Does familiarity breed contempt among judges deciding patent cases?

AuthorLemley, Mark A.

INTRODUCTION I. SPECIALIZED PATENT COURTS AND FORUM SHOPPING II. METHODOLOGY III. RESULTS A. Descriptive Statistics 1. Case outcomes 2. Judges and districts B. Primary Results 1. More experienced judges are more likely to vote against patentees 2. District effects 3. Infringement, not validity, explains the difference 4. Technology-specific effects 5. The effect is driven by experience, not individual judges IV. Implications A. Familiarity Breeds Contempt--Sometimes B. The Promise and Peril of Judicial Specialization C. Future Work CONCLUSION APPENDIX A INTRODUCTION

Judges notoriously dislike patent cases, which they view as arcane, complex, and surprisingly hard fought. Proponents of specialized trial courts for patent cases argue that patent litigation is inherently complex and involves technical factual background that is especially difficult and specialized. (1) They would like to limit patent cases to judges with technical expertise, or at least to judges who have demonstrated a willingness to engage with patent law. (2) The creation of the Federal Circuit was in part a response to such calls for specialization, though it was also designed to make the substantive law more patent friendly. (3)

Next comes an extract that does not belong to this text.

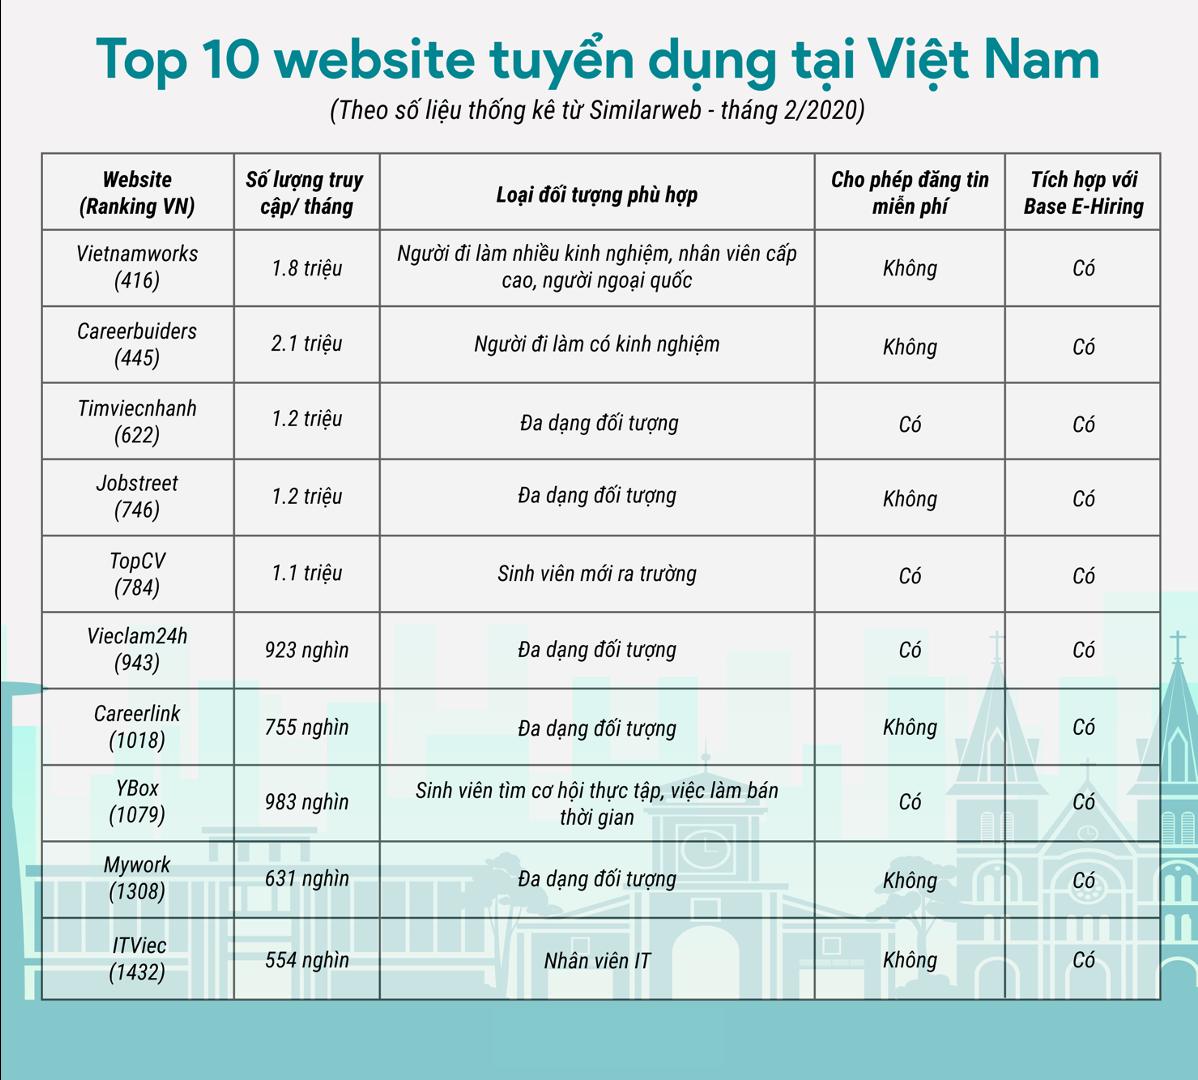 Recruitery - top 10 website tuyển dụng tại Việt Nam

Proponents of judicial specialization attribute the Federal Circuit's lamented reversal rate to judicial inexperience at the trial level, though much ink has been spilled on other reasons why the reversal rate might be high. (4) Among other benefits, proponents of specialization expect it to produce both coherence in decisionmaking and a higher proportion of high-quality or "correct" decisions. (5) An experienced trial court, it is argued, could dispose of cases more accurately, more efficiently, and without forum shopping. Congress has responded by creating the Patent Pilot Program (PPP), (6) intended to channel many patent cases in fourteen test districts to judges who opt to hear them. The PPP is not itself a specialized court, but it encourages specialization within a district, concentrating experience with patent cases in the hands of a few judges.

Others oppose specialized trial courts. Generalist courts, they argue, may be better able to connect specialty law with other doctrines and with broader societal interests. (7) And specialized courts may be susceptible to forum shopping, bias, and even capture, both because their importance depends on the continuing robustness of patent protection and because specialized judges are likely to spend time with lawyers who share that specialization. (8) This concern is frequently voiced about the Federal Circuit and the de facto specialized docket in the Eastern District of Texas. (9)

So far, this literature has been based on speculation. It has been unable to tell us the answer to the question parties most care about when they take a case to a trial court: does judicial experience with patent cases affect how the judge rules in the case? The rich literature on Federal Circuit reversal rates cannot tell us. Reversal rates for experienced patent judges are not reliably different from those with less experience; (10) in any case, reversal rates may be driven by any number of factors that are hard to separate from district judge experience. The answer may affect both statutory proposals for district court specialization and the focus of the courts and Congress on forum shopping.

In this Article, we offer the first comprehensive look at how a district judge's experience with patent cases affects that judge's decisionmaking. We look both at district outcomes and at outcomes by judge. Using both logistic regression and fixed effect analyses, we then relate outcomes to each judge's experience level, measured by the number of patent cases that judge decided over the observed time period.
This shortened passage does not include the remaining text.